(Beginning of Input data)

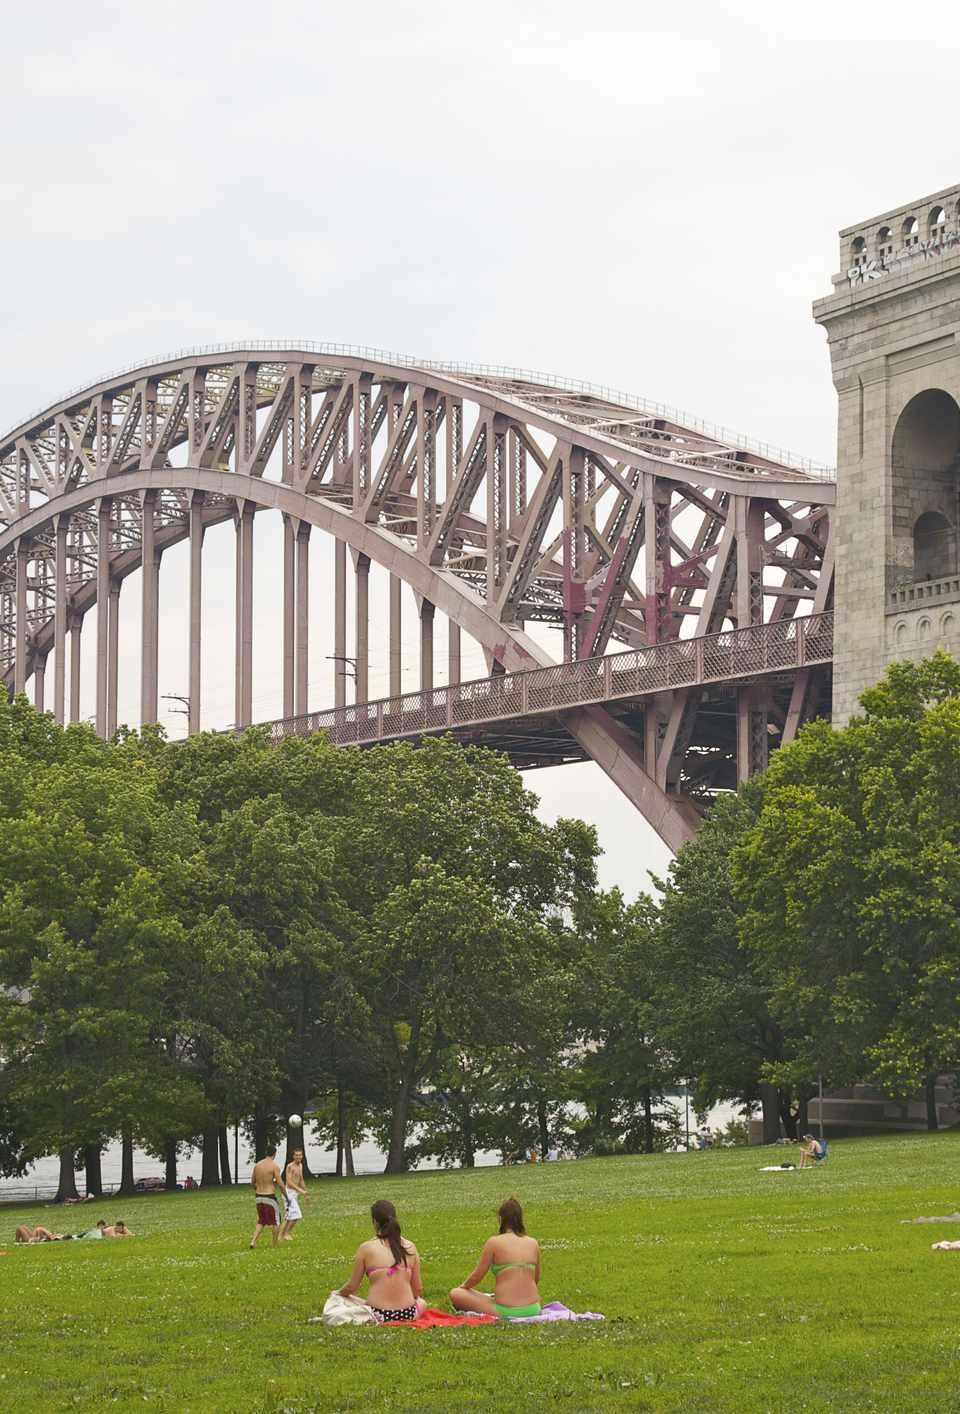 People in Astoria Park beneath Hell Gate Bridge, Astoria, Queens, NY
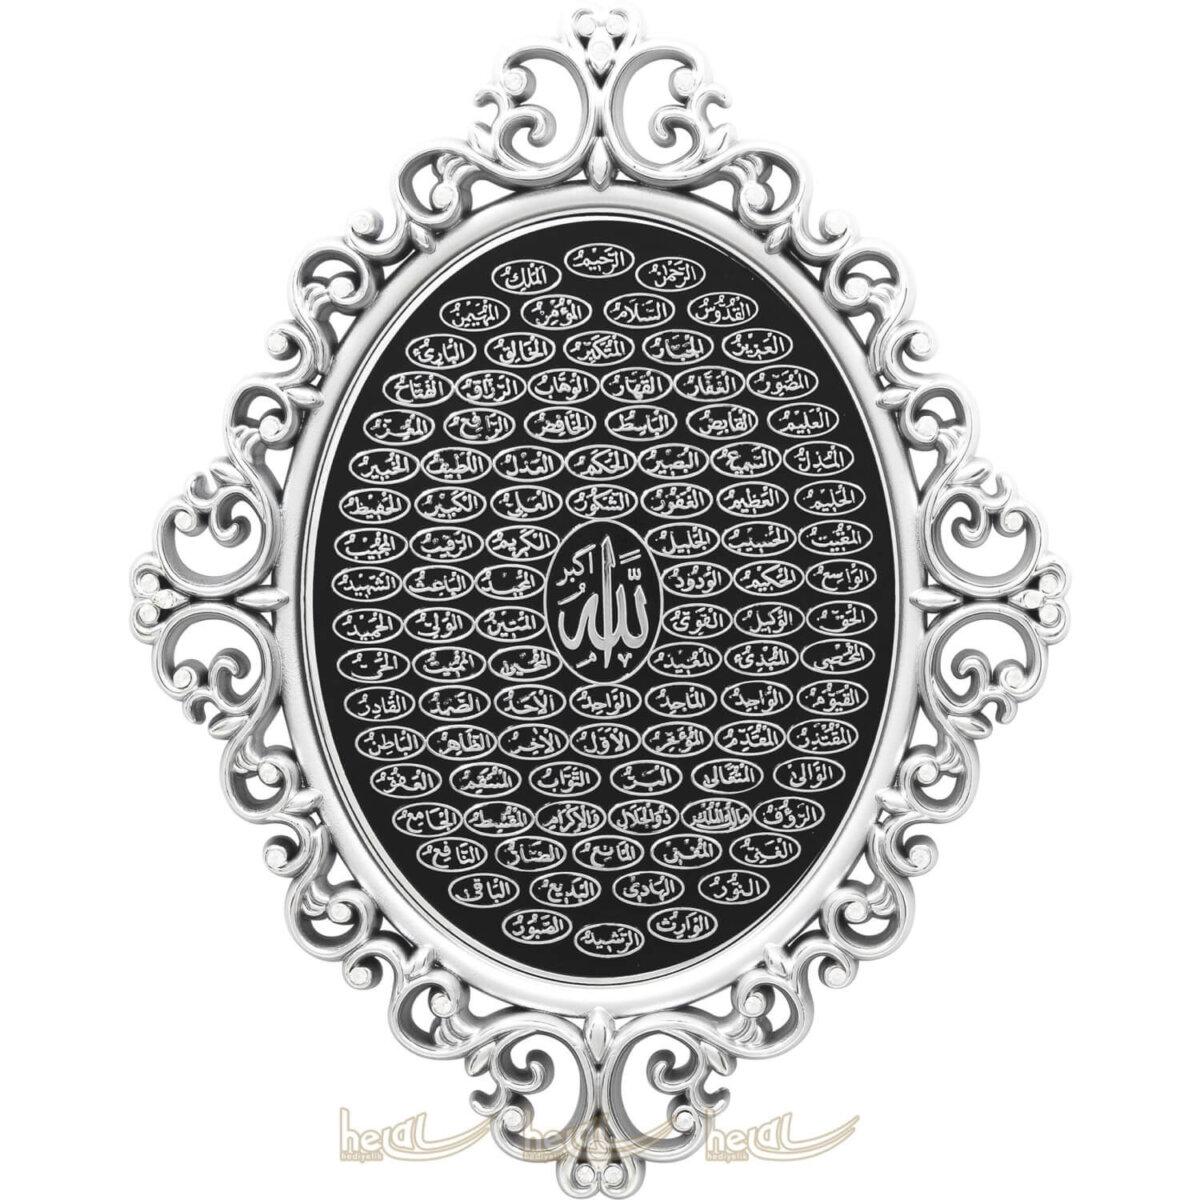 24x31cm Esmaül Hüsna Taşlı Osmanlı Motifli Modern Lüks Duvar Panosu Ayetli Ürünler
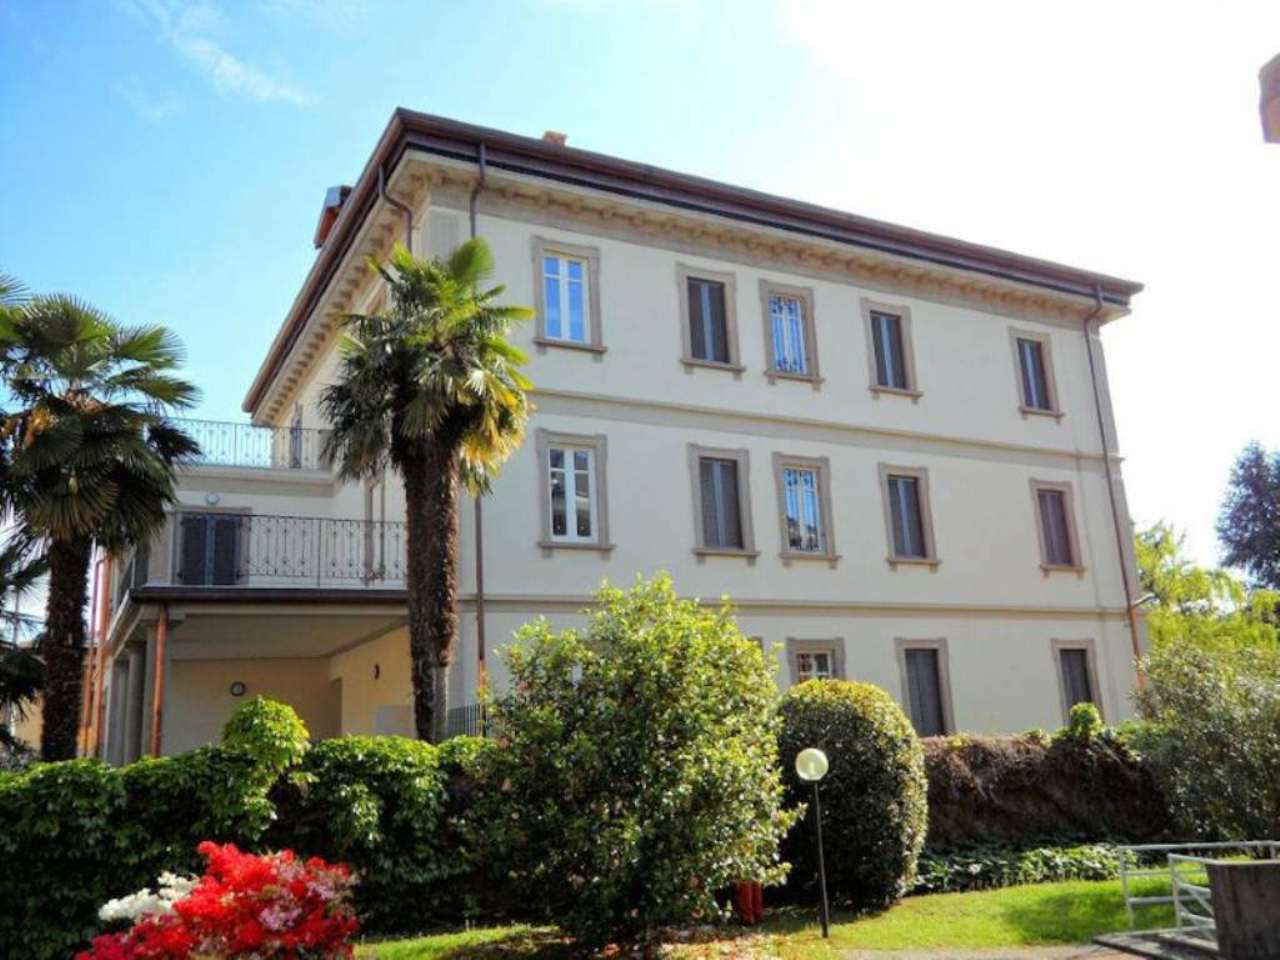 Bilocale Arona Via Cavour 2

(End of Input data)

Task to complete
The data must come back word for word, with every picture removed.

Response
 People in Astoria Park beneath Hell Gate Bridge, Astoria, Queens, NY
 24x31cm Esmaül Hüsna Taşlı Osmanlı Motifli Modern Lüks Duvar Panosu Ayetli Ürünler
 Bilocale Arona Via Cavour 2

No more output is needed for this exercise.